New therapeutic modalities and new approaches to evidence generation may promote the acceptability of non-randomised data in regulatory decision making.

1 Introduction

The randomised controlled trial (RCT) has been considered for a long time as the gold standard for evidence generation to support regulatory decision making for medicines [1,2,3,4]. However, randomisation involves an ethical dilemma that is centred around the conflicting roles of the physician as a ‘healer’ or ‘investigator’ [5, 6]. The physician as a ‘healer’ has an obligation to provide patients with care consistent with professional standards and this appears to conflict with an ‘investigator’ leaving the treatment choice to chance as required by a randomisation procedure. The ethical justification for the RCT that has gained widespread acceptance came with the notion of equipoise, or more specifically ‘clinical equipoise’ [7]. According to Freedman’s formulation, clinical equipoise exists when “there is no consensus within the expert clinical community about the comparative merits of the alternatives to be tested.” Proponents of this principle maintain that, if clinical equipoise exists, no participant in an RCT is knowingly given inferior treatment [8]. The relevance of equipoise as an ethical justification for randomisation has been criticised in recent years [6, 8].

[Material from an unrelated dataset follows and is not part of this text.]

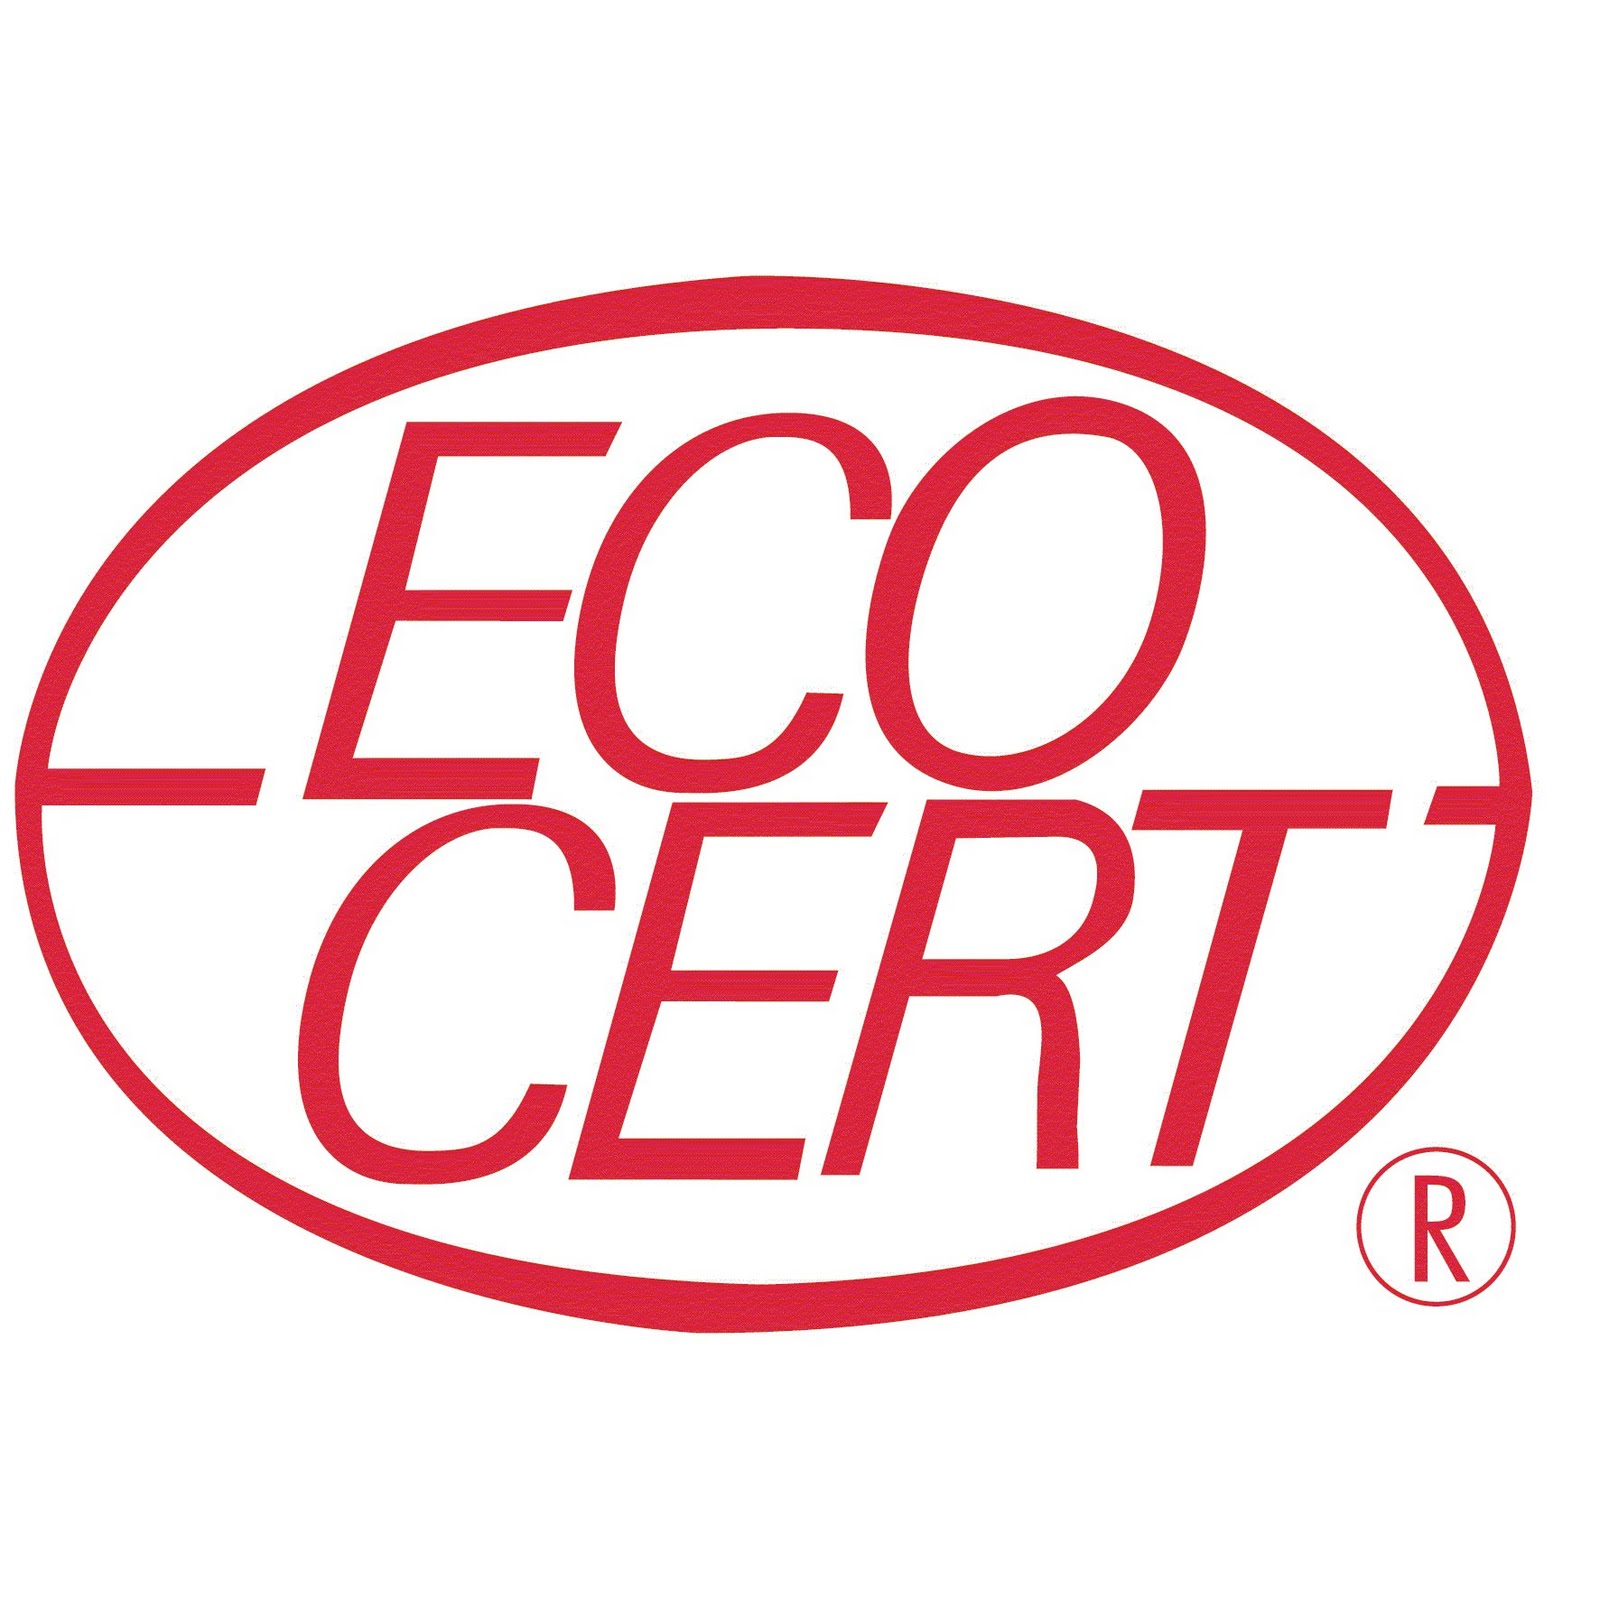 Coton bio, certificat délivré par ecocert greenlife

The prominent place of the RCT in the evidence generation ‘toolbox’ is also being challenged by innovations in at least two areas [3]. First, the RCT may be unsuitable for evaluating new treatment modalities such as precision medicine or gene and cell therapies, the latter often referred to as Advanced Therapeutic Medicinal Products (ATMPs) [9,10,11,12,13]. Second, alternative approaches to evidence generation represent another area where innovation may have implications for the relevance of the RCT [14,15,16,17,18]. Against the backdrop of the criticism of the equipoise principle and some recent therapeutic and data analytical innovations, the aim of this article is to explore the current standing of the RCT from a regulatory perspective.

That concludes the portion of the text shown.